Part of recovering from this injury (tibial stress syndrome) and getting back to running is a re-evaluation and fine-tuning of the shoes I’m running in. For the past five months, I’ve been running in the Brooks Adrenaline GTS 14 model. I bought them about a week after my half marathon in April and they were definitely an improvement over the every day New Balances I had been running in. Don’t get me wrong, I still really like NB, but the upgrade to Brooks for running made a big difference.
Those Brooks gave me quite a bit more support and I could certainly tell the difference. About six weeks into those new shoes, however, I got injured. I don’t believe it had anything to do with the shoes; my physical therapist is also pretty adamant that given my physiology (flat-footed, over-pronator), this injury was inevitable. The timing also meant that I only put about 90-100 miles on them before my injury, and in the past four weeks since I started running again, probably only about an additional 20. As far as shoe lifetimes go, these are still perfectly good shoes that should get me through about another 300 miles, but this injury has forced me to re-think what I’m running in.
The first step was a good insole. I bought these Montrail moldable insoles and they definitely gave me a lot more support without introducing rubbing or poking. One tip is that I had to exchange them for one size down from my shoe size so that they would fit just right.
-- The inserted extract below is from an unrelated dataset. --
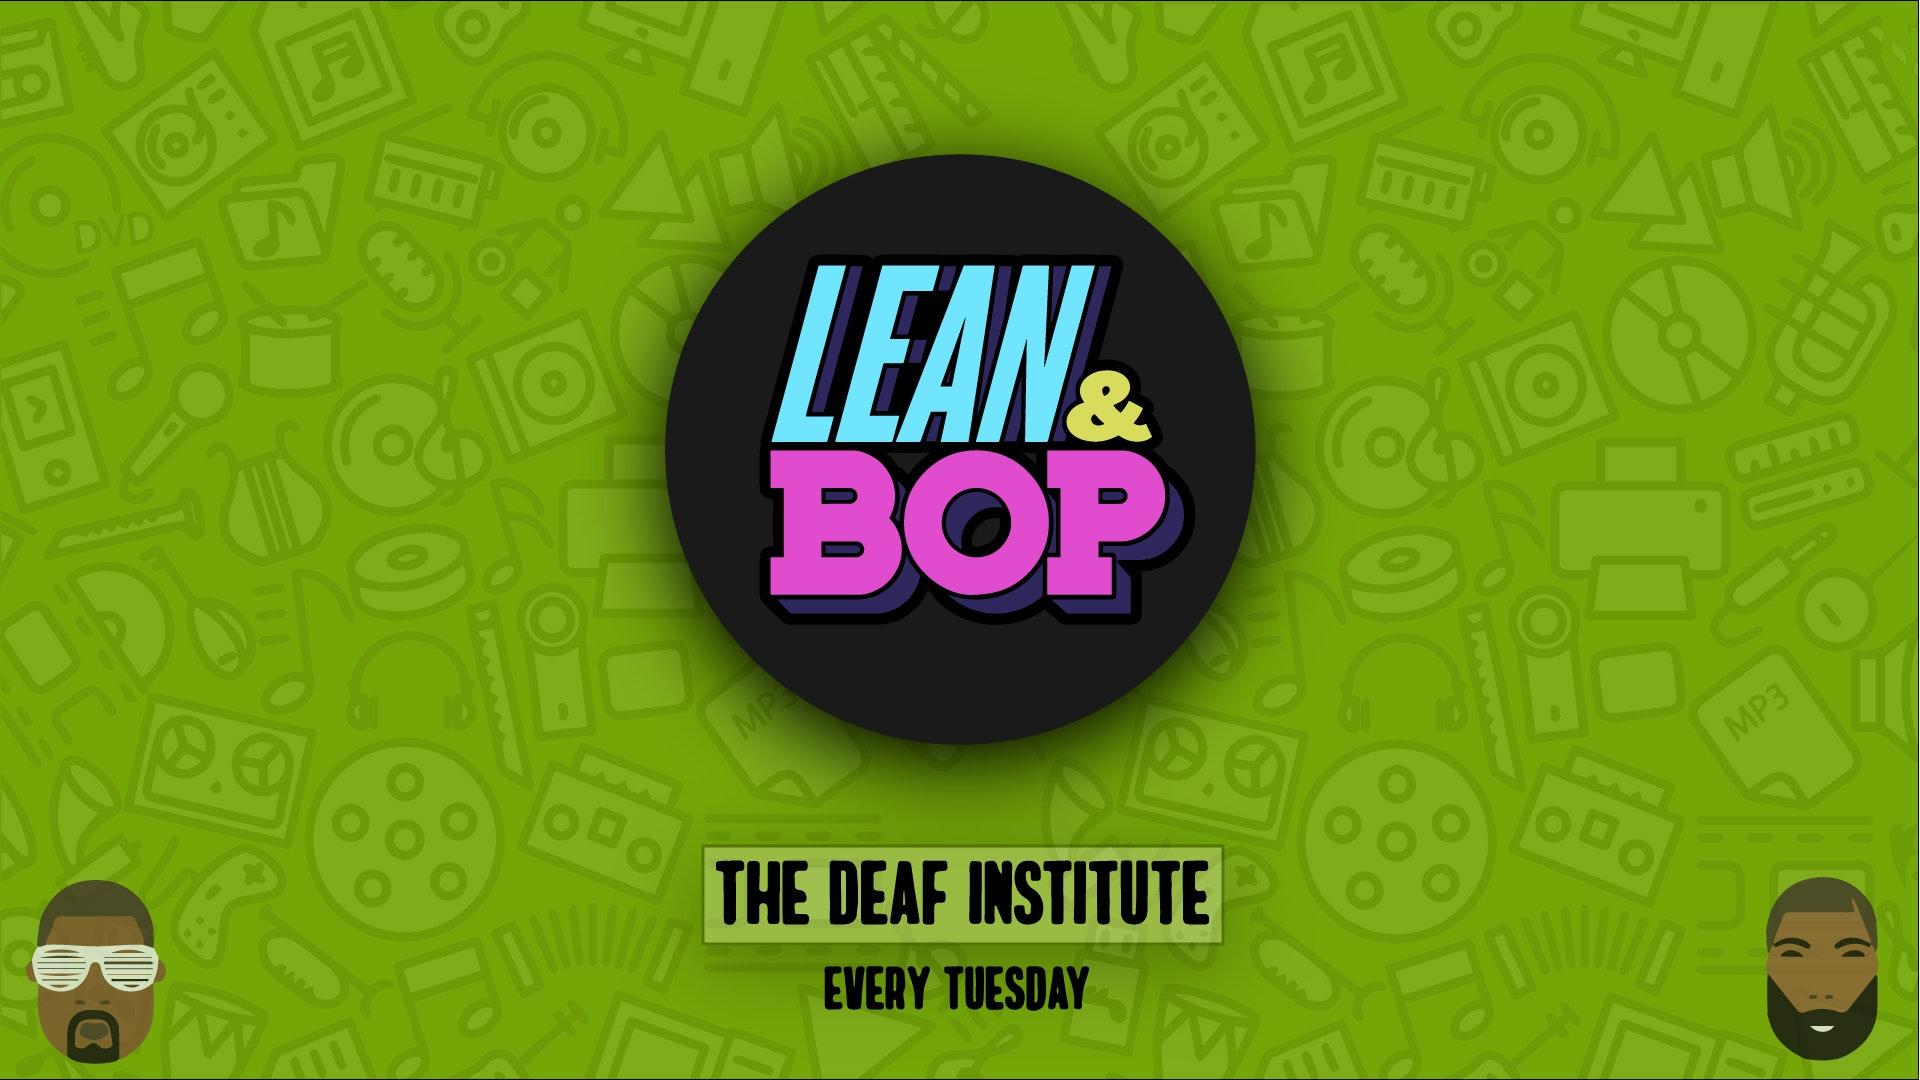 Lean & Bop – Grimelords

These have worked well and my PT approves of them, but I decided this week that I wanted to try out a full motion control shoe, just to see if it would make a difference and let me get back to running longer distance without too much pain in my leg. The Adrenalines are considered a Stability shoe, and one step up from that is Motion Control. So, to the running store I went, and after trying three different pairs from a few different brands and almost a mile total of jogging it out on the store treadmill, I walked out with a pair of Brooks Addiction 11’s. I ran in them for the first time today, with the insoles, and I am definitely a fan.
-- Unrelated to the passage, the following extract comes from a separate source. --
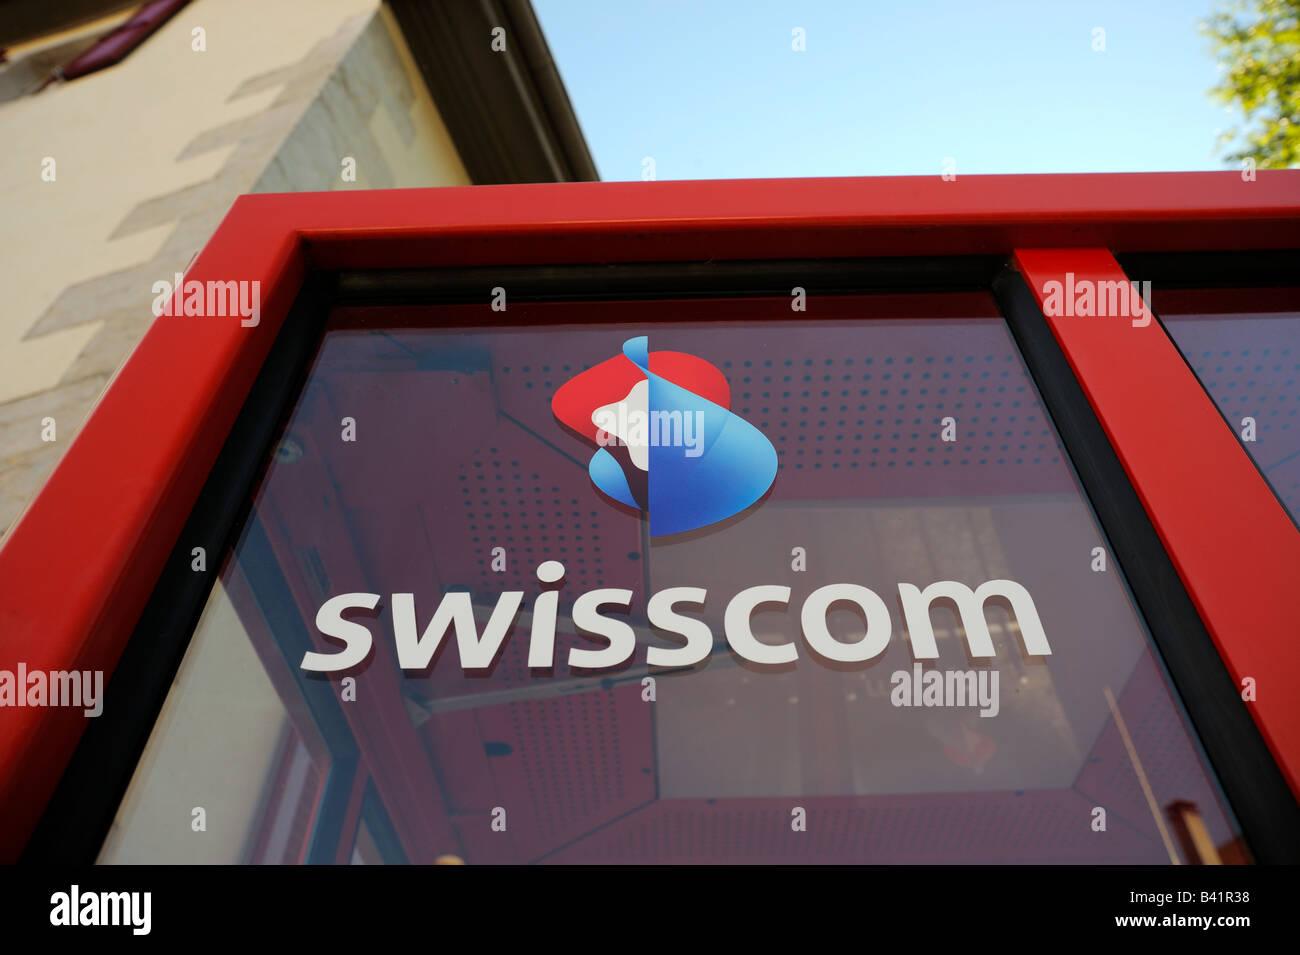 Telephone booth with swisscom logo on it. - Stock Image

I was a little apprehensive since they appear to be a “beefy”shoe, but they are surprisingly light weight and I didn’t feel like I was clomping around at all. I did a little over 5 miles of trails in these today partly because I’m still really wary of hard surface running and also because, in a moment of insanity, I recently signed up for a trail half marathon in November. 🙂
My goal is to find a shoe I really like, that helps keep me injury free, so I can just buy a new pair each time they wear out and not have any more surprises or trial periods. I’m pleased with these and will stick with them for a while to see how they perform.
I no longer consider myself a rookie runner, but in a lot of ways, I’m definitely still a newbie. This whole journey to the right shoe and how to keep myself injury free is just part of that. I’m feeling very positive about my 15K race on October 5th and yes, even about the trail half marathon on November 8th! I’m just so stinking happy to be running again!!!!!
My other focus in these coming months is fine-tuning race/running fuel strategies. I’ll write another post about it, but I’m considering either going entirely with homemade options, or at least 50/50 with store-bought gels. There are some really amazing vegan/vegetarian recipes out there for “energy ball” type goodies that frankly just sound way more amazing than gels. I’m not sure they will be as easy to consume and digest though, so let the trial and error begin!
And finally, vegetarianism is still going strong. I’m going to focus on whether I seem to recover from exercise and longer runs quicker, as pretty much every veg/vegan runner claims. That would be helpful since I would still like to get to a place where my weekly mileage is more in the 20-25 range once I’m fully recovered from this injury.
I stumbled onto some vegan “ice cream” at Sprouts yesterday. Even if you’re not vegan, I recommend this stuff simply because they had some really unique and tantalizing flavors and honestly, it’s just as rich and creamy (and bad for you) as the real stuff!